President of Wells Fargo Bank
- In office 1960–1964
- Preceded by: Isaias W. Hellman III
- Succeeded by: H. Stephen Chase

Personal details
- Born: Ransom McCurdy Cook September 23, 1899 Portland, Oregon
- Died: February 14, 1986 (aged 86) Penngrove, California
- Spouse: Margaret Scheld ​ ​(m. 1945; died 1961)​
- Relations: Donald Cook (brother)
- Children: Ransom S. Cook
- Parent(s): Edith Parker Cook Frank Ransom Cook
- Education: Jefferson High School
- Alma mater: Oregon State College

= Ransom M. Cook =

American banker (1899–1986)

Ransom McCurdy Cook (September 23, 1899 – February 14, 1986) was an American banker who served as president of Wells Fargo Bank from 1960 to 1964.

==Early life==
Cook was born and raised in Portland, Oregon on September 23, 1899.. His parents were Edith (née Parker) Cook (1863–1940) and Frank Ransom Cook (1867–1951), who was from Sandusky, Ohio, and later relocated to Hilo, Hawaii. His brothers were Mortimer Parker Cook and Donald Cook, a prominent stage and film actor, who was married to Princess Gioia Tasca di Cuto of Palermo from 1937 until his death in 1961.

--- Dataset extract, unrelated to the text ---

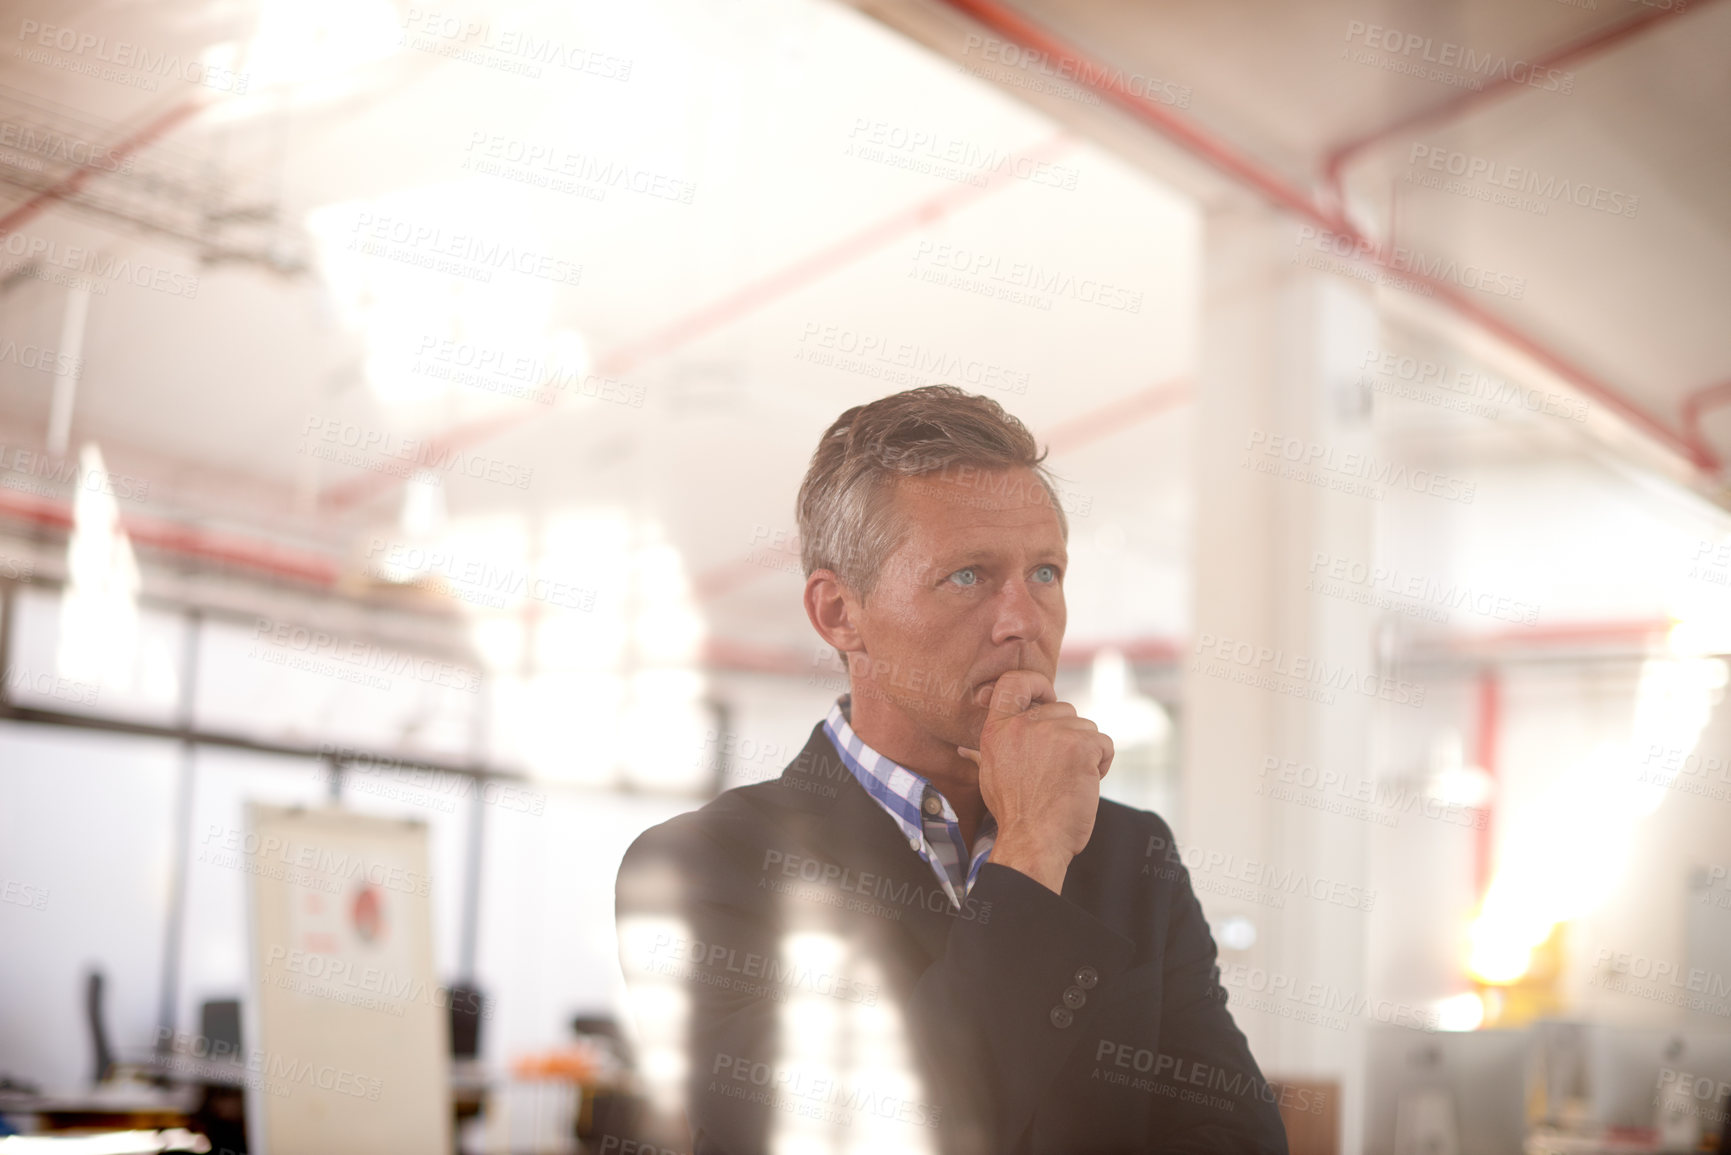 Buy stock photo Cropped through-the-window shot of a businessman standing in an office

After graduating in 1917 from Jefferson High School in Portland, he attended Oregon State College in Corvallis, Oregon, where he was a Sigma Nu affiliate.

==Career==
In 1921, he joined the Mercantile Trust Company, becoming a vice president in 1926. The Mercantile Trust Company merged with the American Bank to form the American Trust Company of San Francisco. In 1934, Ransom, who was managing the Santa Rosa branch, became manager of the newly opened Sacramento branch of the firm.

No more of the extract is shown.